# La fibra óptica está llegando al límite



## josemanuelma15 (Oct 9, 2011)

Los cables de fibra óptica fueron un revolucionario descubrimiento en materia de comunicaciones en decadas pasadas, pero La capacidad de estos cables de fibra de vidrio utilizados para transportar datos puede agotarse antes de lo que se pensaba.

La idea de que la tecnología de fibra actual tiene una capacidad infinita es equivocada. Estamos comenzando a sobrepasar los límites fundamentales de la tecnología actual.

Nuevas pruebas de laboratorio muestran que la tecnología actual se está acercando rápidamente a sus límites y puede necesitar un rediseño radical, por lo que se requiere de forma rápida hacerle un rediseño para asumir las nuevas demandas. Los últimos resultados de laboratorio muestran que los actuales volúmenes de datos son ya más de un 50% superiores a los índices máximos de los cables de fibra óptica.

El primer cambio mejoró la transmisión a través de las fibras, de modo que las señales ópticas no se limitaron a ser absorbidas en su trayecto. Esto dio lugar a fibras con velocidades de datos cientos de veces mayores y una capacidad potencial miles de veces mayor.

Estas fibras mejoradas se han convertido en el estándar y ahora se encuentran bajo la tierra y el mar en todo el mundo. La limitación entonces ha estado en el láser y la electrónica que preparan y luego traducen las señales ópticas a ambos lados de estos cables de luz.

Por supuesto, el punto en que los datos requeridos por los usuarios de internet superen la capacidad sólo depende de cuán rápido aumente la demanda, una cifra muy difícil de predecir, en estos momentos los servidores de video en demanda requieren de gran ancho de banda.


----------



## zenef (Dic 7, 2011)

En España con nuestro par de hilos de cobre nos basta! modo sarcasmo off...


----------



## renanvinicius (Dic 7, 2011)

hombre le par de cobre no es tan malo.... en mi casa nisiquiera telefonica quiere ponerlo... asi que imaginate si me ponen fibra optica!


----------



## keysoy (Ene 5, 2012)

Pues en mi pueblo tienen pensado ponerlo pronto... yo estoy muy contento... Aunque ya la están poniendo en el polígono industrial.

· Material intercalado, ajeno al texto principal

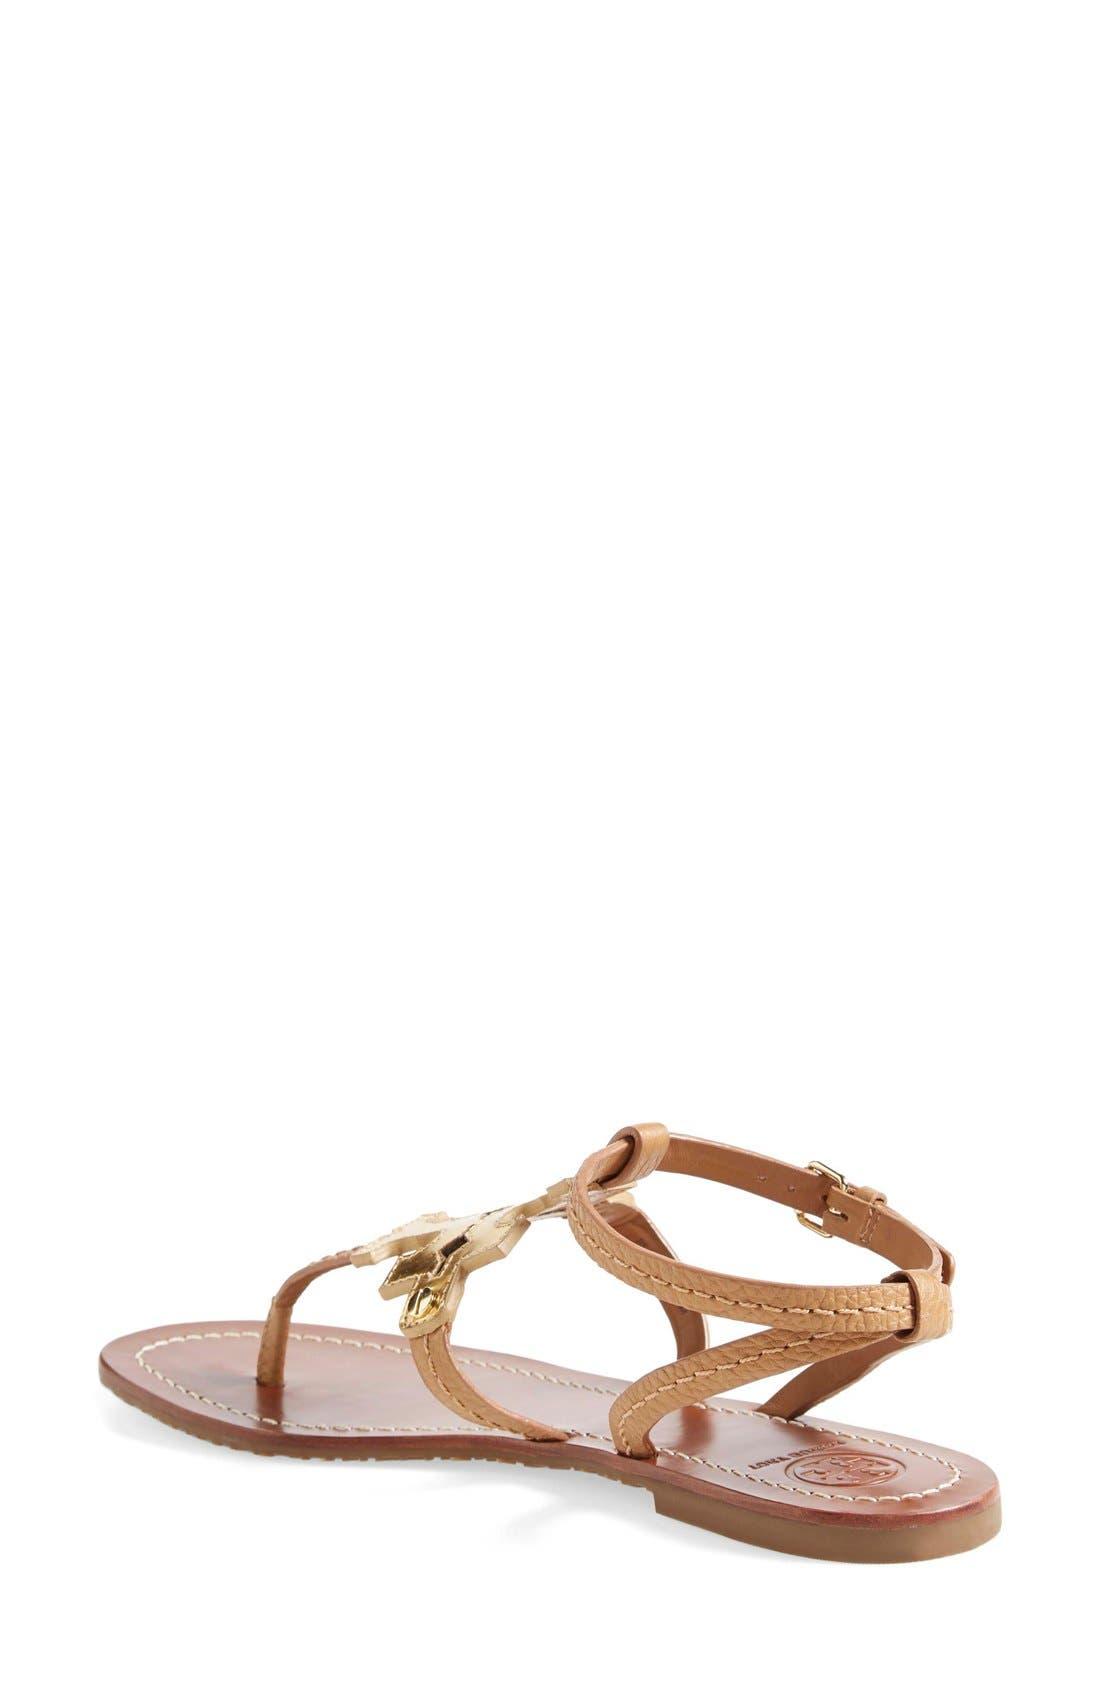 Alternate Image 2  - Tory Burch 'Chandler' Leather Sandal (Women)

El problema de la fibra optica es el coste que tiene la instalación. Pero merece la pena


----------



## Electronec (Ene 5, 2012)

Yo conozco pueblos que les llega cuerda mojá....

Saludos.


----------



## oswaldo10 (Abr 7, 2012)

yo no  me cambio por nadie con mis 4mb de velocidad jajajaj


----------



## elgriego (Abr 7, 2012)

En nuestro pais ,o en la parte en que yo vivo ,El tener fibra optica para acceso a internet implica. casi, casi, asociarse a Telefonica.por ahora sigo con el Dial-up,y mis 56 kb de velocidad 

Saludos.


----------



## fernandob (Abr 7, 2012)

con que pongan un filtro para que solo circule por internet informacion util y necesaria les aseguro que se descomprime el trafico y con un apar de cobre vuelve a sobrar.

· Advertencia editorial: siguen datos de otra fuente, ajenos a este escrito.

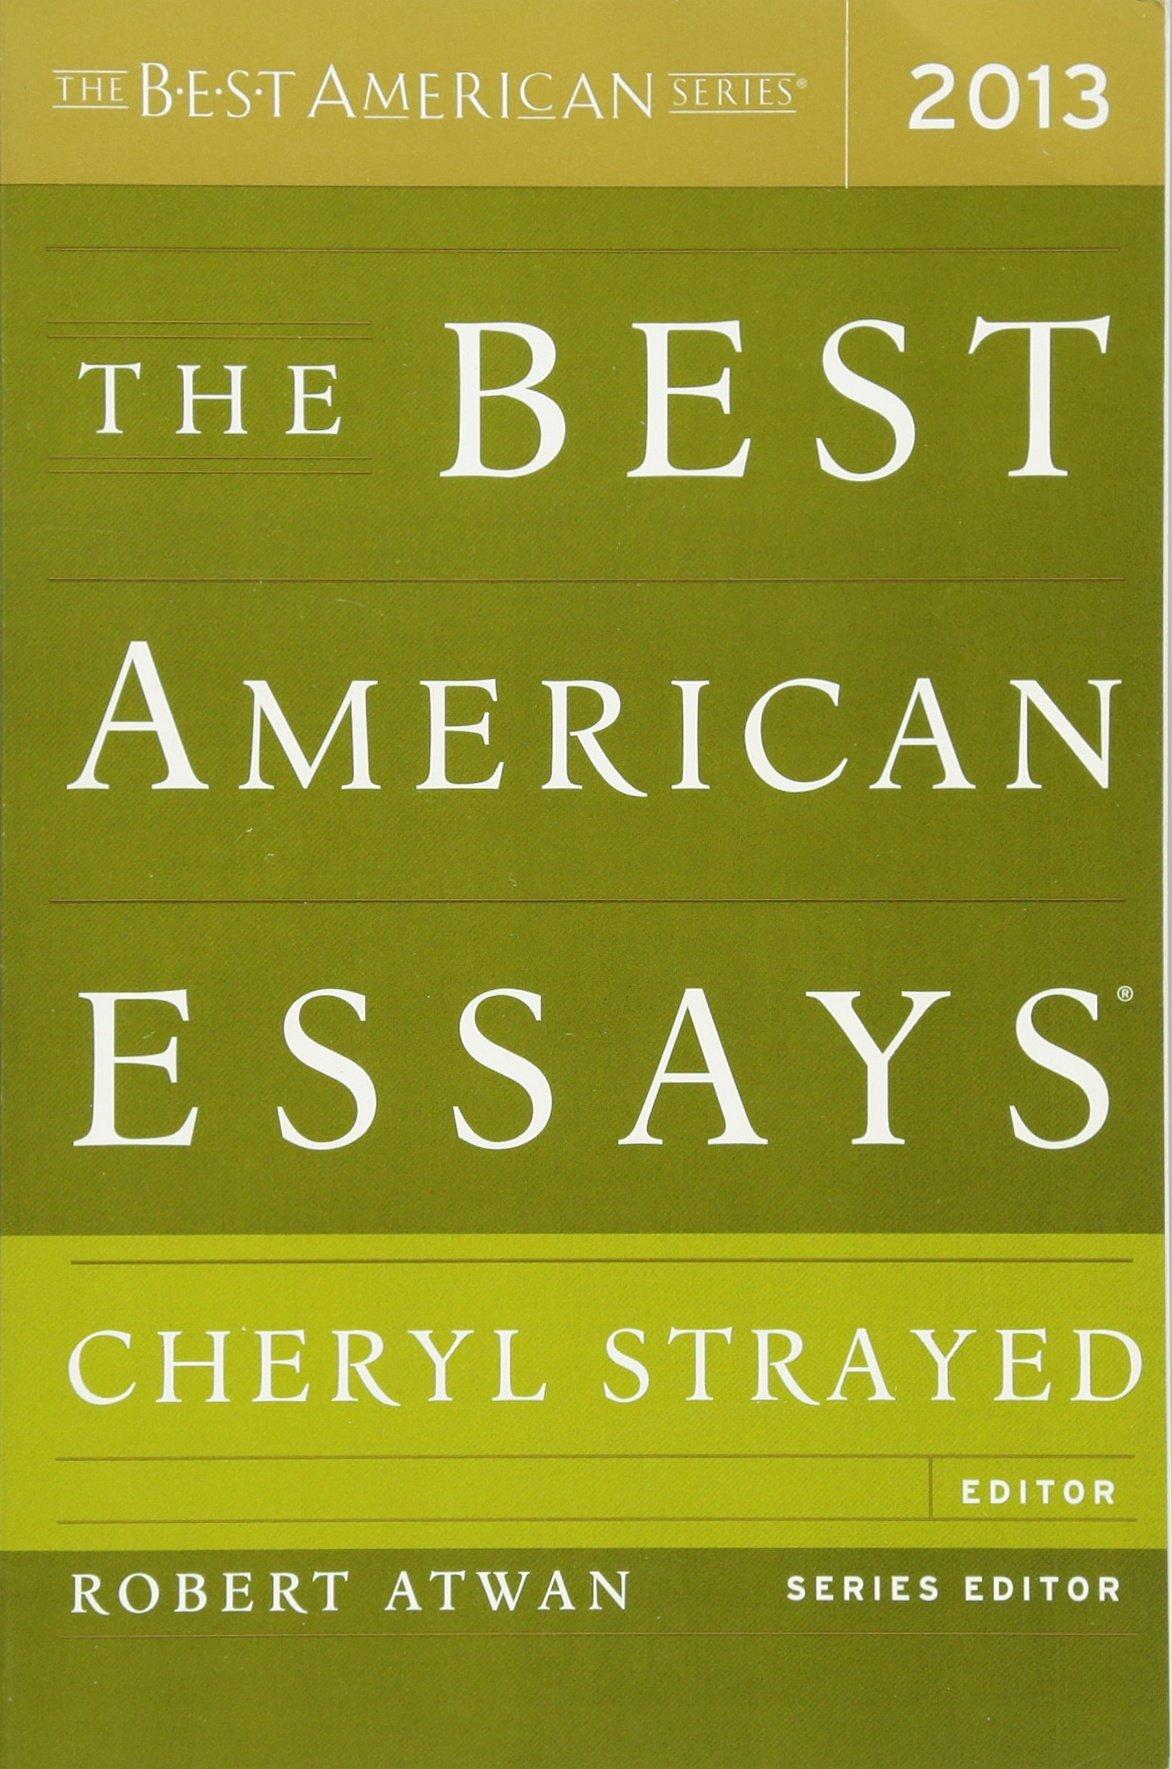 003 The Best American Essays 81nkls2j9vl Essay Wonderful 2018 Pdf 2017 Table Of Contents 2015 Free Full

la fibra optica debe estar saturada de gansadas que circulan por la web .


----------



## SKYFALL (Abr 7, 2012)

Aca lo mas ancho que tengo para trafico de datos es el puerto USB del computador donde conecto el modem inalambico HSDPA, y tengo 2GB de consumo basico y al consumirlos la velocidad baja a 128kbps en red EDGE


----------



## capitanp (Abr 9, 2012)

siempre se podra poner mas fibra optica....


----------



## Manub (Abr 17, 2012)

Lo de los cables de cobre lo confirmo, aquì en Galicia , España todavia no han llegado al lìmite aùn se usan los cables de acero recubiertos de cobre y con ADSL por ellos, ¡¡Pais!!.


----------



## eschizo (Abr 18, 2012)

En Colombia se esta empezando a implementar fibra óptica para todo el territorio nacional. 
Considero que aún quedan muchos años para que lleguemos a desbordar su capacidad, pues a medida que se incrementa la tecnología y la robustez de datos, se tendrá que llegar al momento de lograr la mayor calidad en la menor cantidad de bits posibles.

Saludos!



En Colombia se esta empezando a implementar fibra óptica para todo el territorio nacional. 
Considero que aún quedan muchos años para que lleguemos a desbordar su capacidad, pues a medida que se incrementa la tecnología y la robustez de datos, se tendrá que llegar al momento de lograr la mayor calidad en la menor cantidad de bits posibles.

Saludos!


----------



## Rigeliano (Abr 18, 2012)

josemanuelma15 dijo:


> La limitación entonces ha estado en el láser y la electrónica que preparan y luego traducen las señales ópticas a ambos lados de estos cables de luz.


 Si alguien puede mejorar esto a la misma velocidad del incremento de datos tal vez nunca usemos otros medios.


----------



## juanjosm (May 10, 2012)

Se supone que re refiere a las grandes conexiones como la de Europa y américa que atraviesa el oceano, no el cable de fibra optica que llega a tu casa...

Saludos...


----------